◆ What to do: What is needed is the exact text of each line in the listing below from the one with "SAT, Ministerialprotokoller, klokkerbøker" up to and including the one with "Le chef-d'oeuvre est", and no pictures.

◆ Data excerpts:
───

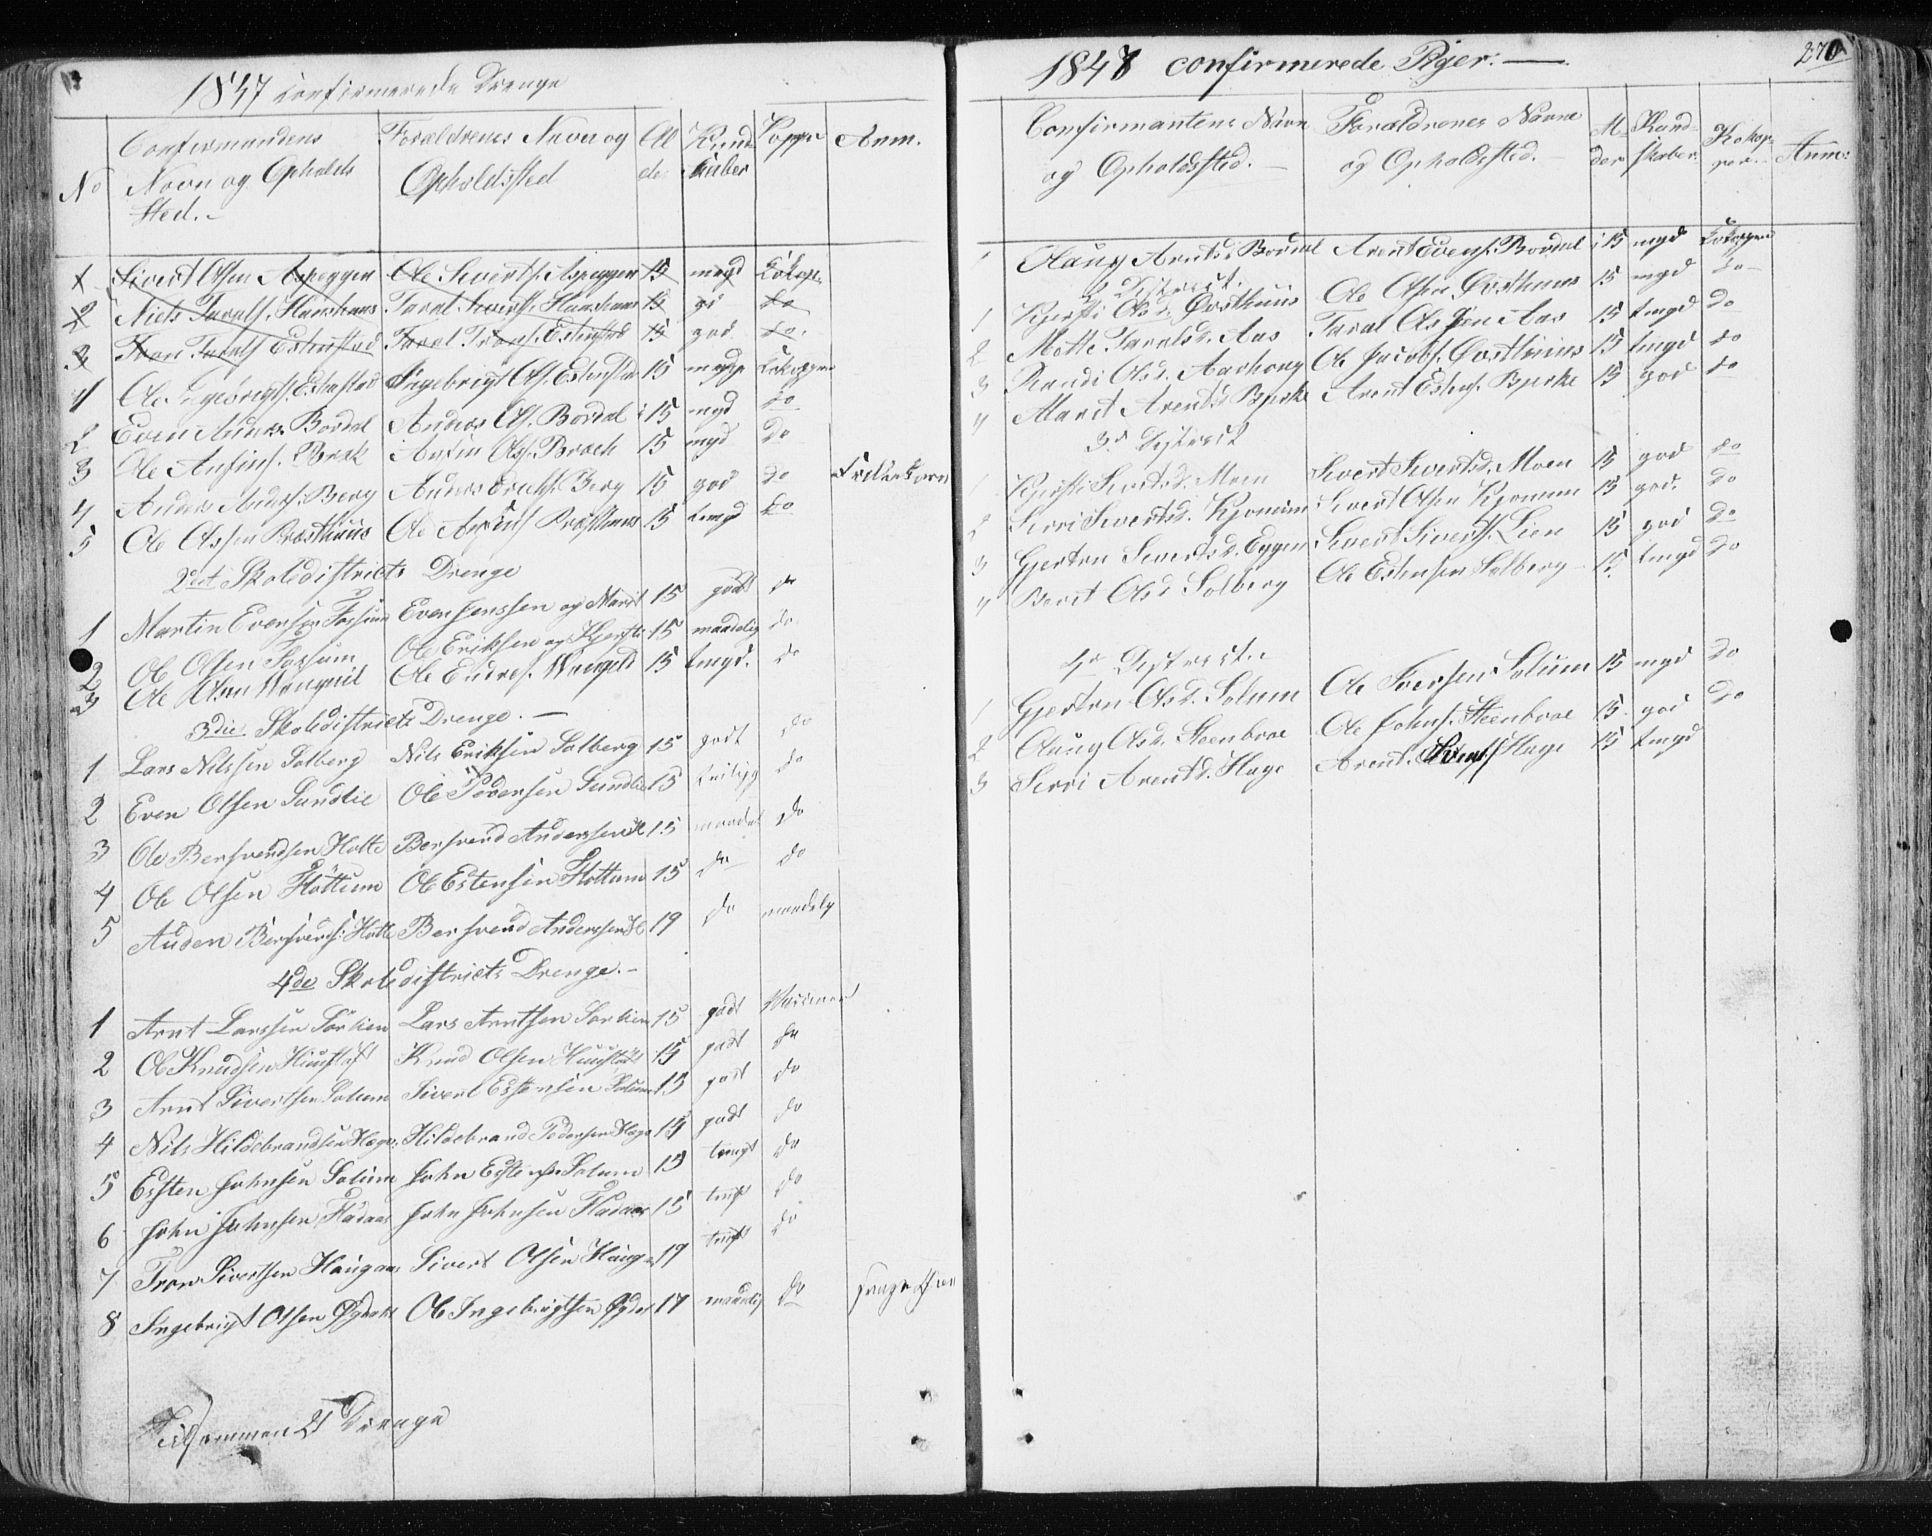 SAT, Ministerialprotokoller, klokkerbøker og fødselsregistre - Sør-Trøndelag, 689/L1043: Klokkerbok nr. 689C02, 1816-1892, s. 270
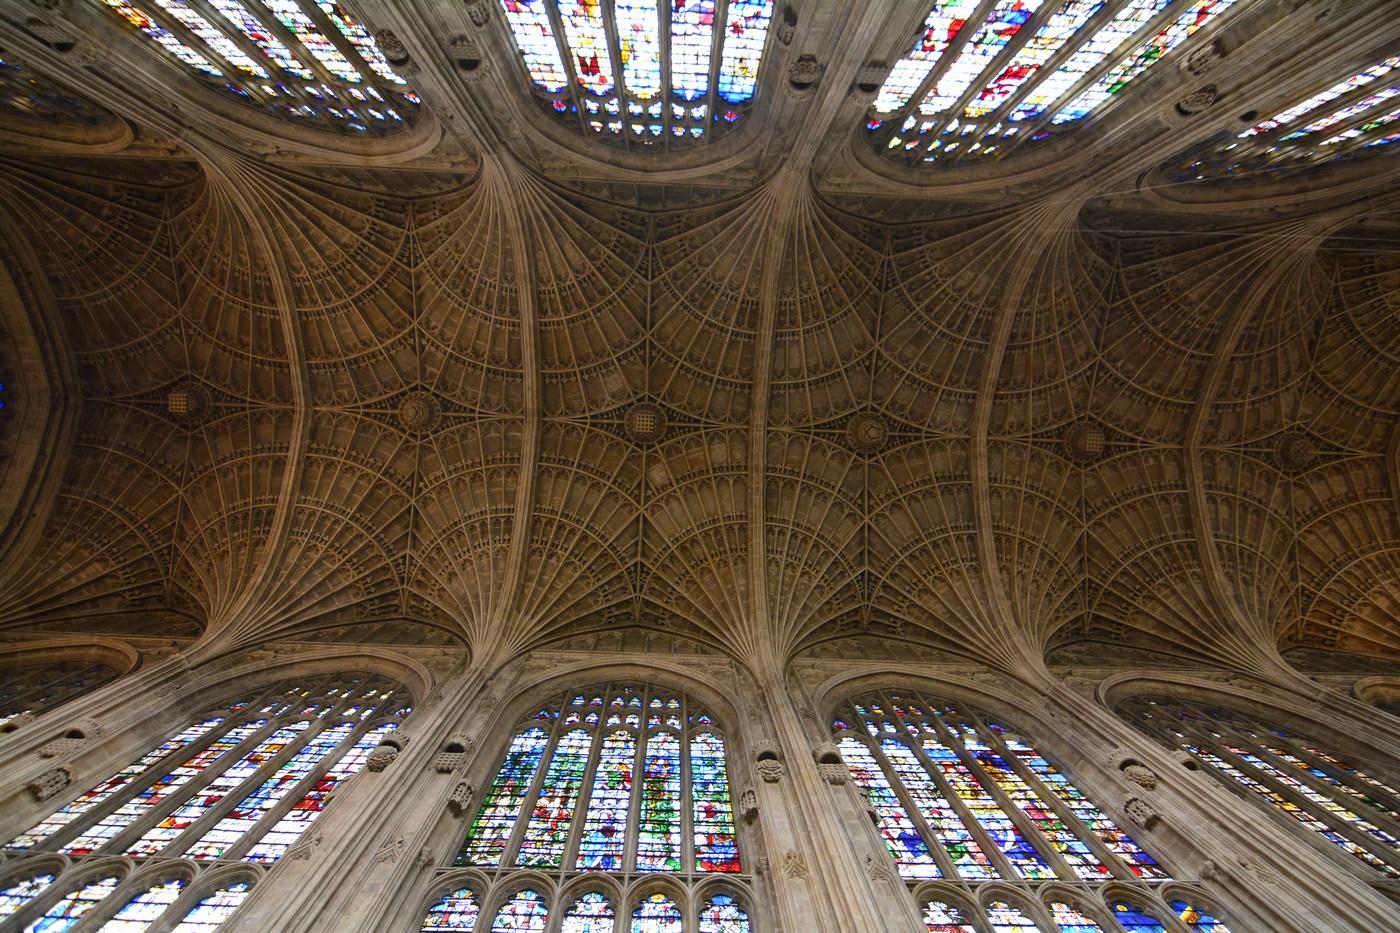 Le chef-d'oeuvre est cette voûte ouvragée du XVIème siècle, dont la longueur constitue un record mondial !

───

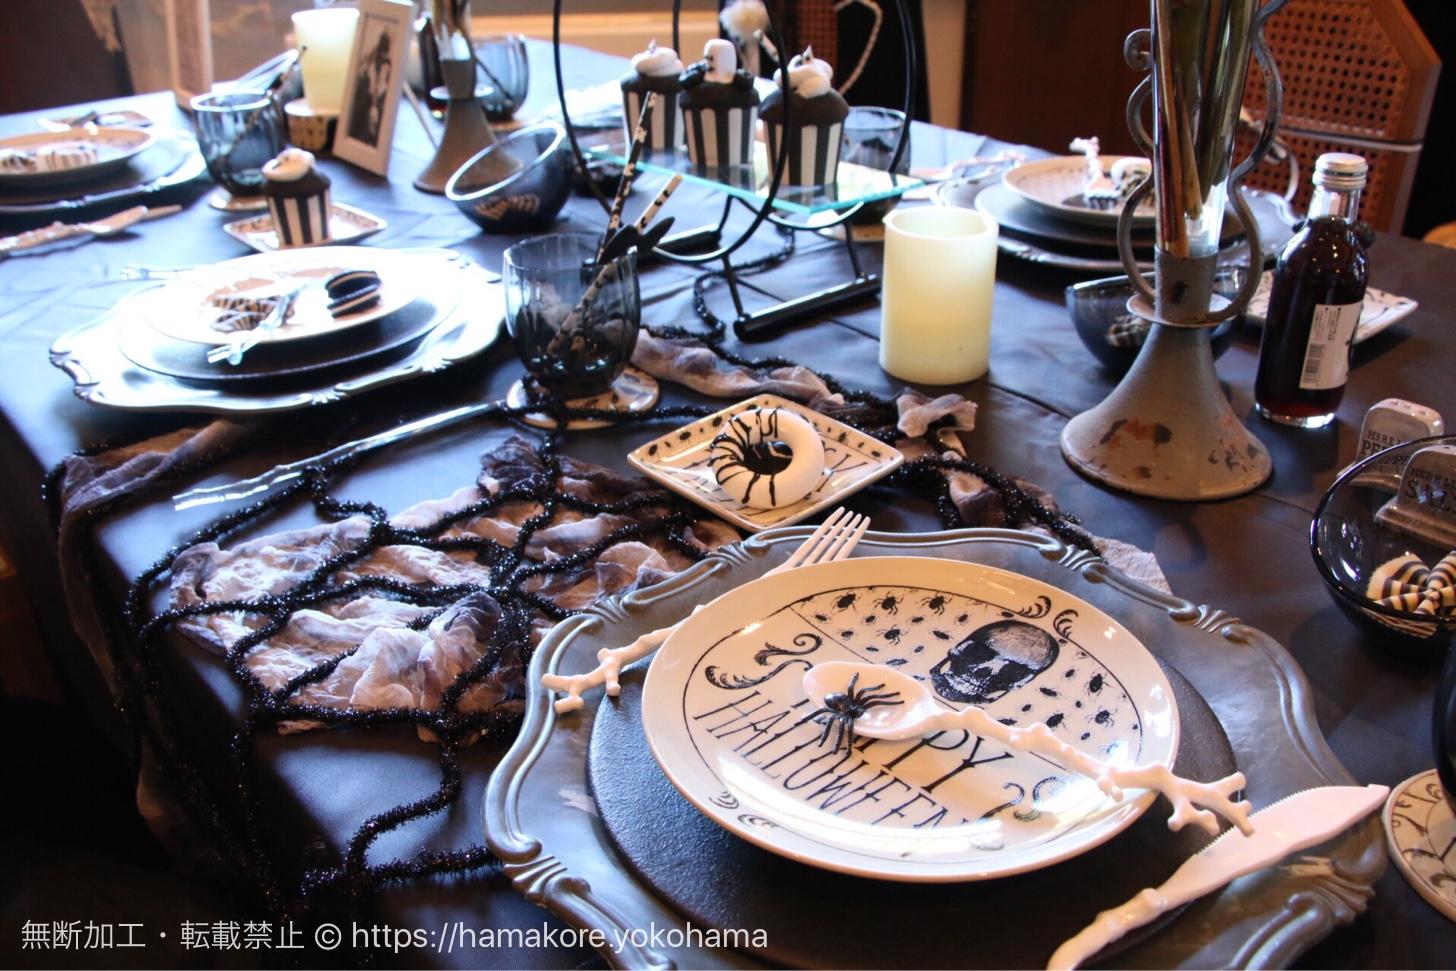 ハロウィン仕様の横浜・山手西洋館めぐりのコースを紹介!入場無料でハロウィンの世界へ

───

◆ Answer box:
 SAT, Ministerialprotokoller, klokkerbøker og fødselsregistre - Sør-Trøndelag, 689/L1043: Klokkerbok nr. 689C02, 1816-1892, s. 270
 Le chef-d'oeuvre est cette voûte ouvragée du XVIème siècle, dont la longueur constitue un record mondial !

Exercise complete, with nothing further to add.